Не отыскав Марту Лорен, Гарри нашел себе место на сернокислотном заводе под Лондоном. В Нью-Йорке он проработал три года в лаборатории органической химии профессора Двела, ставившего эксперименты по получению искусственного белка. Профессор Двел достиг значительных по тем временам результатов; ему удалось извлечь протеины, на которые разлагается белок при переваривании, и что самое главное, протеины эти были у него не горькие-прегорькие, как у других исследователей, а вкусные, их можно было употреблять без капсул.
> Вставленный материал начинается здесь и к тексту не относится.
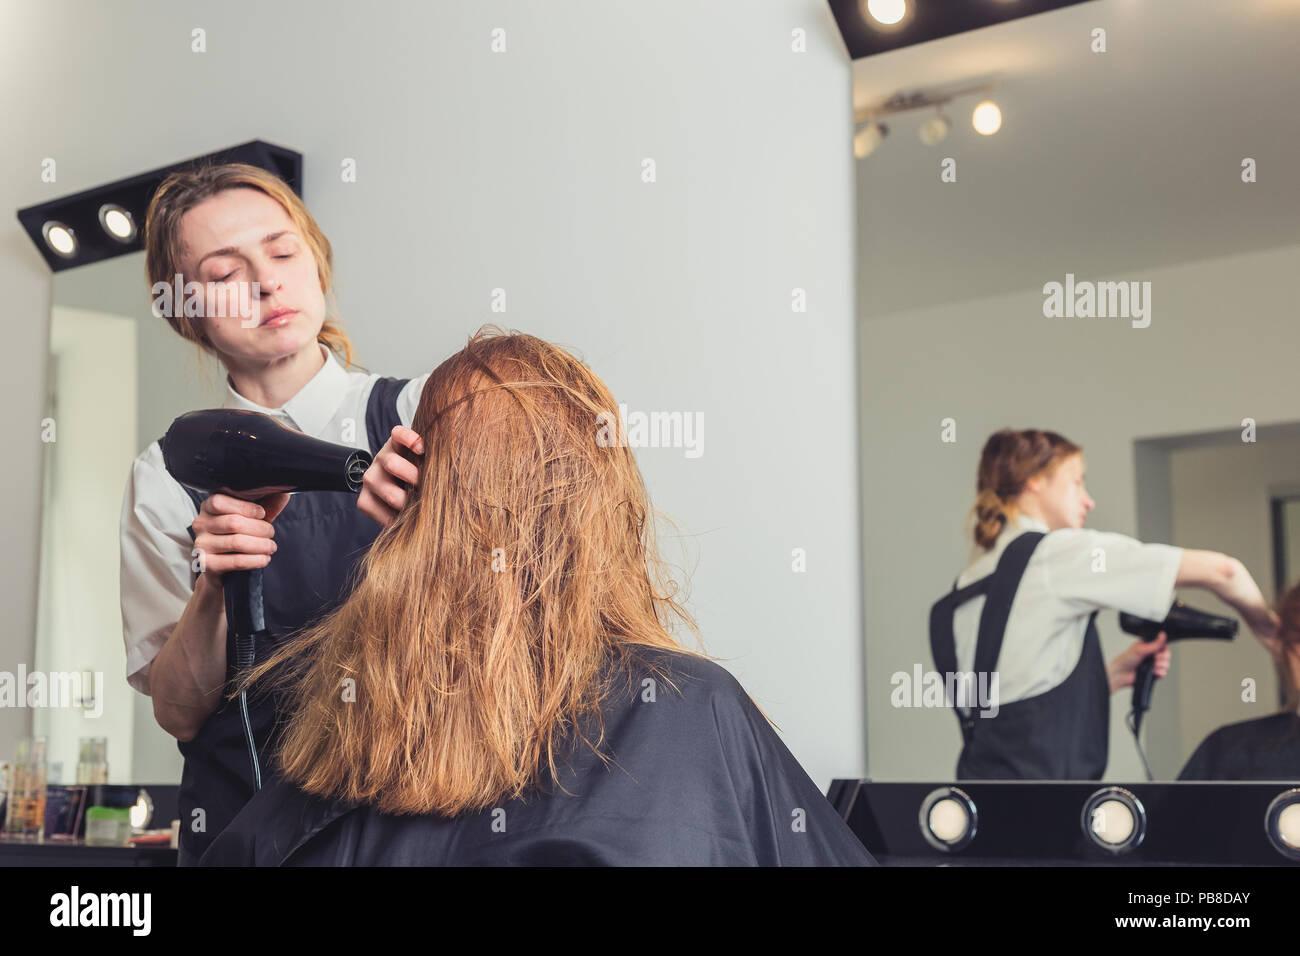 Esteticista golpe de secado el cabello de la mujer en el salón de belleza Foto de stock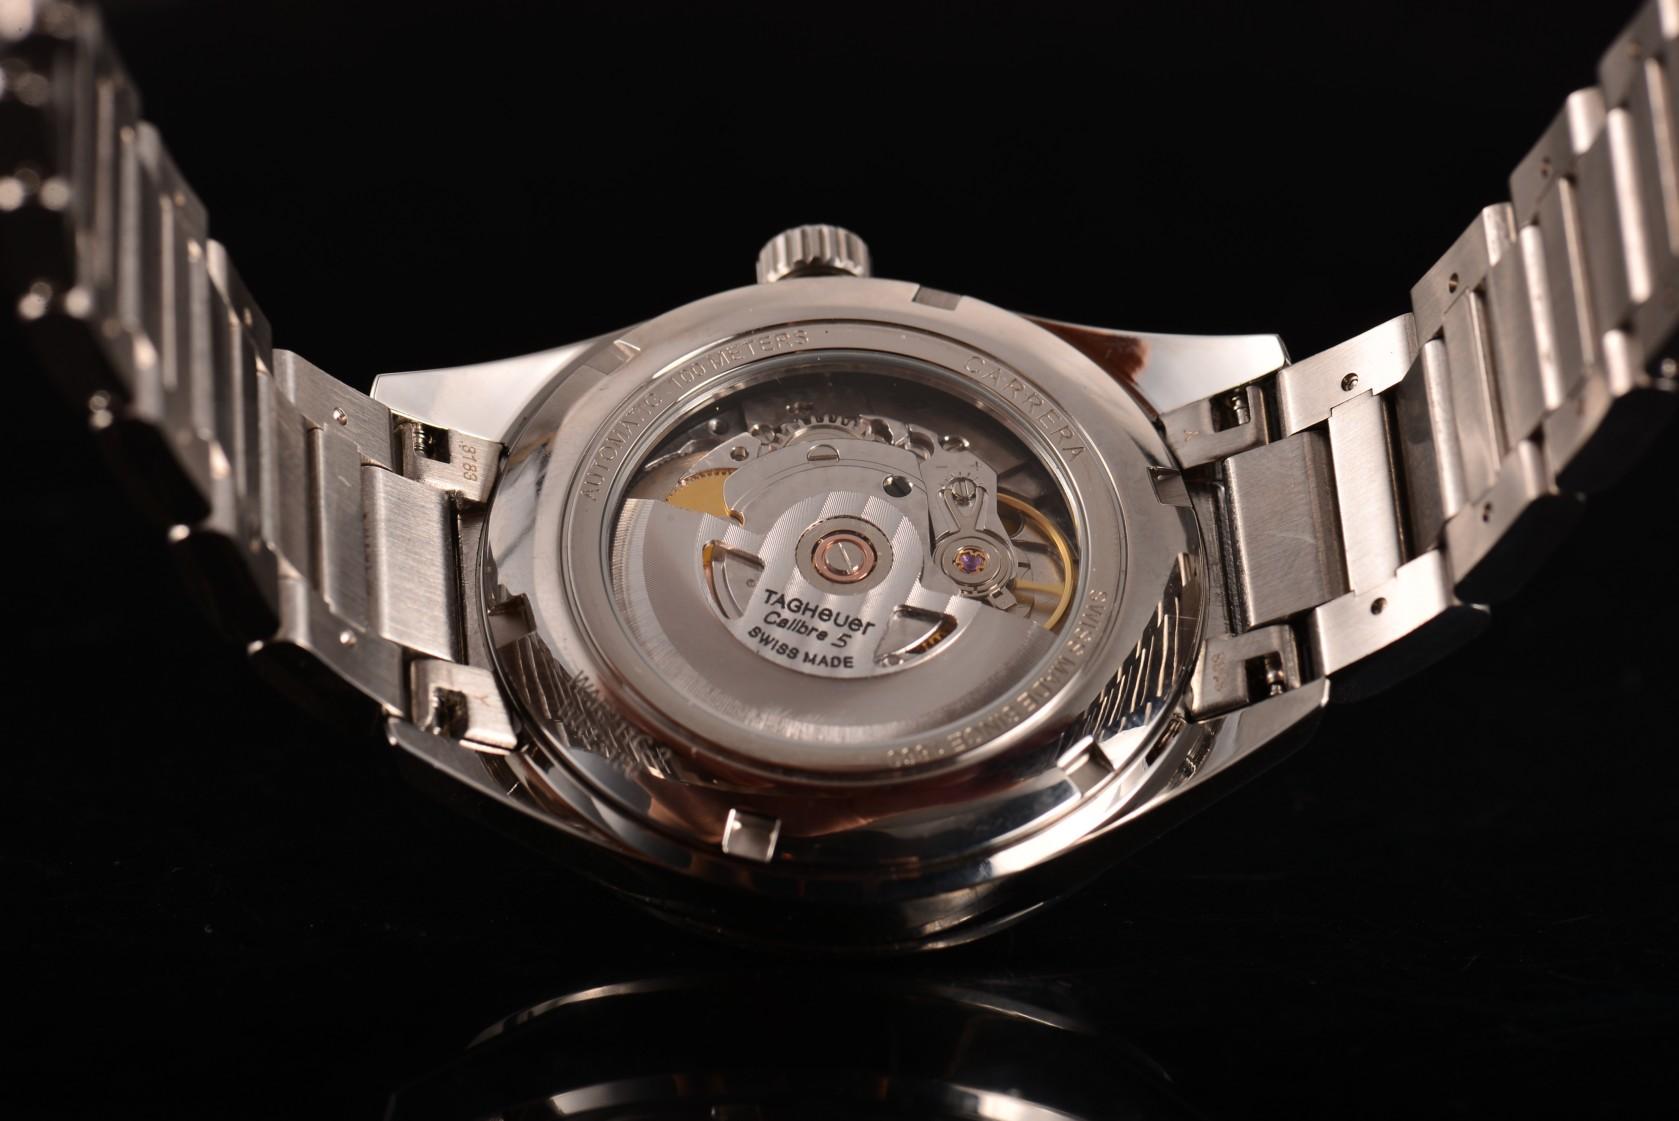 80699e835d Quality Tag Heuer Carrera Calibre 5 Automatic Replica Review ...

Однако изготовление протеинов по методу Двела обходилось еще дороже прочих способов, и следовательно, гигантская задача накормить человечество искусственными белками была в его разработках очень далека от окончательного решения. Грамм протеинов стоил Двелу примерно полдоллара, так что натуральные белки оставались пока в сотни раз дешевле искусственных протеинов. Однако Двел тщательно оберегал свою работу от посторонних глаз; у него не было ни одного лаборанта из образованных людей, он не допускал в лабораторию ни одного студента, а в помощники брал простых ребят из числа умелых рабочих, которых обучал технике дела, избегая объяснять им научные основания и значение своей работы.

Геморроидальный старичок и не подозревал, что Гарри Руперт дома прилежно штудировал органическую химию и был вполне в курсе дела; Двелу и в голову не приходило, что его «малообразованный» помощник во многом опередил своего учителя.

С помощью немецких и французских товарищей Гарри по ночам изучал специальные труды, посвященные протеинам, сравнивал чужие методы работы с методами Двела и раз за разом убеждался, что ни другие исследователи, ни Двел не стоят на правильном пути. Ему нужно было только немного поработать самому, чтобы усовершенствовать способ получения дешевых и питательных протеинов.

Итак, Гарри явился в контору сернокислотного завода. Старый клерк просмотрел его рекомендации и свидетельство из лаборатории Двела и задумался.

— В сернокислотном цехе мест нет, — сказал он наконец. — Я попробую рассказать о вас главному химику — он интересуется органической химией. Здесь сказано, что вы работали у Двела. Посмотрим. Приходите завтра после работы.

И вот Гарри уже четвертый месяц работает в лаборатории органической химии на кислотном заводе.

Это Гарри, он идет через сквер домой и весело насвистывает «The last rose of summer» («Последняя роза лета»). Просвистев первое колено, он слышит сзади голос:

Голос немного хриплый, но приятный. Поет девушка. Гарри останавливается и ждет. — Good evening! — подходит она. — Good evening! — отвечает Гарри. Она берет его под руку, и они идут вместе по скверу, выходят на улицу, переходят площадь. Они молчат, девушка крепко прижимается к Гарри и заглядывает ему в лицо. Гарри искоса присматривается к ней. Она худощавая, у нее красивые глаза, губы красные, лицо белое. Жаль только, что она такая худая. Они молча идут дальше.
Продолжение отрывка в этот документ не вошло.